» WHAT IS BEING ASKED
Your job is to set down the stretch of entries that opens with the line containing "объемом 2 литра." and closes with the line containing "ถนนข้าวสาร ทำความสะอาดถนน สงกรานต์". Keep both end lines, copy each exactly, and add nothing.

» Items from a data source
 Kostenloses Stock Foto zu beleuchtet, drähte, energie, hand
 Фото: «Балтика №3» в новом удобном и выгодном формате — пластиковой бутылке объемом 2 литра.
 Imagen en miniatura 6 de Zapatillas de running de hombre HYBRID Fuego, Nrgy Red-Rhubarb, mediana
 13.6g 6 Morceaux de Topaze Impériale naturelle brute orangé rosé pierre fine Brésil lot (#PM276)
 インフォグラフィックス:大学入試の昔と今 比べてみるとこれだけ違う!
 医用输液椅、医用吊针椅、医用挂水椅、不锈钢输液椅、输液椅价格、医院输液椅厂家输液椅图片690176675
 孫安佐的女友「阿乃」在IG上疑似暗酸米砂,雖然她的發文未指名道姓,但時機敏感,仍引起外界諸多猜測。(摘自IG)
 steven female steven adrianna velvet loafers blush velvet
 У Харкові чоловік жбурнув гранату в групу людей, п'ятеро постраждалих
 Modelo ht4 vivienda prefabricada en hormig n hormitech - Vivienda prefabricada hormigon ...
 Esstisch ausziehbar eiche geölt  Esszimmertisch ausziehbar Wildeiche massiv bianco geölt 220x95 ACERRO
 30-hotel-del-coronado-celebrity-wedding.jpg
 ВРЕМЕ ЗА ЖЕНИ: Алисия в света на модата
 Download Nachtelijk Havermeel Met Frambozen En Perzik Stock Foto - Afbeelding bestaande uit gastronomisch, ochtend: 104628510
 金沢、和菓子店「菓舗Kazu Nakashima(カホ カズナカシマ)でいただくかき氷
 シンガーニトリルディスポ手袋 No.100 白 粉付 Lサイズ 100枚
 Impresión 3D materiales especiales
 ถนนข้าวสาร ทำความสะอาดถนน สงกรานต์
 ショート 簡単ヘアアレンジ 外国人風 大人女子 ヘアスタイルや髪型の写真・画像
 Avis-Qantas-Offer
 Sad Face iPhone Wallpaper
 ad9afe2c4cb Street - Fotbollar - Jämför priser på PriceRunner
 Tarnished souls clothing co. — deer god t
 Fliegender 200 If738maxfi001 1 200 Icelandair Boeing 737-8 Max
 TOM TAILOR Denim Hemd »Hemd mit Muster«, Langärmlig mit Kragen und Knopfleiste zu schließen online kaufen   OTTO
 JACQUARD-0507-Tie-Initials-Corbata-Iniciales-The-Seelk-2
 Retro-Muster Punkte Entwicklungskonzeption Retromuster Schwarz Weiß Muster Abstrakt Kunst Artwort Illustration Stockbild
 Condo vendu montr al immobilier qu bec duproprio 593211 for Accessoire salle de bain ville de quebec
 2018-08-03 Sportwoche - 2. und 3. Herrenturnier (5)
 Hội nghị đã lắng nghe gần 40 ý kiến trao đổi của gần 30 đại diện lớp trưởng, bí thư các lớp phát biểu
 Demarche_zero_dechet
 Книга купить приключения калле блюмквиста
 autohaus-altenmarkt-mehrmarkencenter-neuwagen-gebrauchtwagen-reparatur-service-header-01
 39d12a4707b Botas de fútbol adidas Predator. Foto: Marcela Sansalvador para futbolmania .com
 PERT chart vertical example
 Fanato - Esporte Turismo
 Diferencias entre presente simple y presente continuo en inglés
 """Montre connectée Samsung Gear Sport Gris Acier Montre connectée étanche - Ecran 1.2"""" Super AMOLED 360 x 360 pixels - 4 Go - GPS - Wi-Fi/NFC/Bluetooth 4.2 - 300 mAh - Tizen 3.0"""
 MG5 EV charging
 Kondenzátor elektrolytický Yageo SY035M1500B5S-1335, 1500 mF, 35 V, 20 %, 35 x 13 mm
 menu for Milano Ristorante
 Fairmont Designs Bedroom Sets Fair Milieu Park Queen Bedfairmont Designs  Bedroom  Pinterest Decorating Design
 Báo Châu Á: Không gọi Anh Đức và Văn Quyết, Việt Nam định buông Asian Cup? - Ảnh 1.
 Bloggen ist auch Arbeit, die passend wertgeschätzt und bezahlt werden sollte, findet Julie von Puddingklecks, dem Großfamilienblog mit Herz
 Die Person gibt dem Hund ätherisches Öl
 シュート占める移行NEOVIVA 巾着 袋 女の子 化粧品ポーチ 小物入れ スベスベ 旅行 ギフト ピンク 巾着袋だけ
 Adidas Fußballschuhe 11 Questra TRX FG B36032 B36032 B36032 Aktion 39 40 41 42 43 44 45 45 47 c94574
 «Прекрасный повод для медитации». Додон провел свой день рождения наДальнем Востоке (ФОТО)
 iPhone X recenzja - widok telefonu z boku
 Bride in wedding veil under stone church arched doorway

» WRITTEN SOLUTION
 Фото: «Балтика №3» в новом удобном и выгодном формате — пластиковой бутылке объемом 2 литра.
 Imagen en miniatura 6 de Zapatillas de running de hombre HYBRID Fuego, Nrgy Red-Rhubarb, mediana
 13.6g 6 Morceaux de Topaze Impériale naturelle brute orangé rosé pierre fine Brésil lot (#PM276)
 インフォグラフィックス:大学入試の昔と今 比べてみるとこれだけ違う!
 医用输液椅、医用吊针椅、医用挂水椅、不锈钢输液椅、输液椅价格、医院输液椅厂家输液椅图片690176675
 孫安佐的女友「阿乃」在IG上疑似暗酸米砂,雖然她的發文未指名道姓,但時機敏感,仍引起外界諸多猜測。(摘自IG)
 steven female steven adrianna velvet loafers blush velvet
 У Харкові чоловік жбурнув гранату в групу людей, п'ятеро постраждалих
 Modelo ht4 vivienda prefabricada en hormig n hormitech - Vivienda prefabricada hormigon ...
 Esstisch ausziehbar eiche geölt  Esszimmertisch ausziehbar Wildeiche massiv bianco geölt 220x95 ACERRO
 30-hotel-del-coronado-celebrity-wedding.jpg
 ВРЕМЕ ЗА ЖЕНИ: Алисия в света на модата
 Download Nachtelijk Havermeel Met Frambozen En Perzik Stock Foto - Afbeelding bestaande uit gastronomisch, ochtend: 104628510
 金沢、和菓子店「菓舗Kazu Nakashima(カホ カズナカシマ)でいただくかき氷
 シンガーニトリルディスポ手袋 No.100 白 粉付 Lサイズ 100枚
 Impresión 3D materiales especiales
 ถนนข้าวสาร ทำความสะอาดถนน สงกรานต์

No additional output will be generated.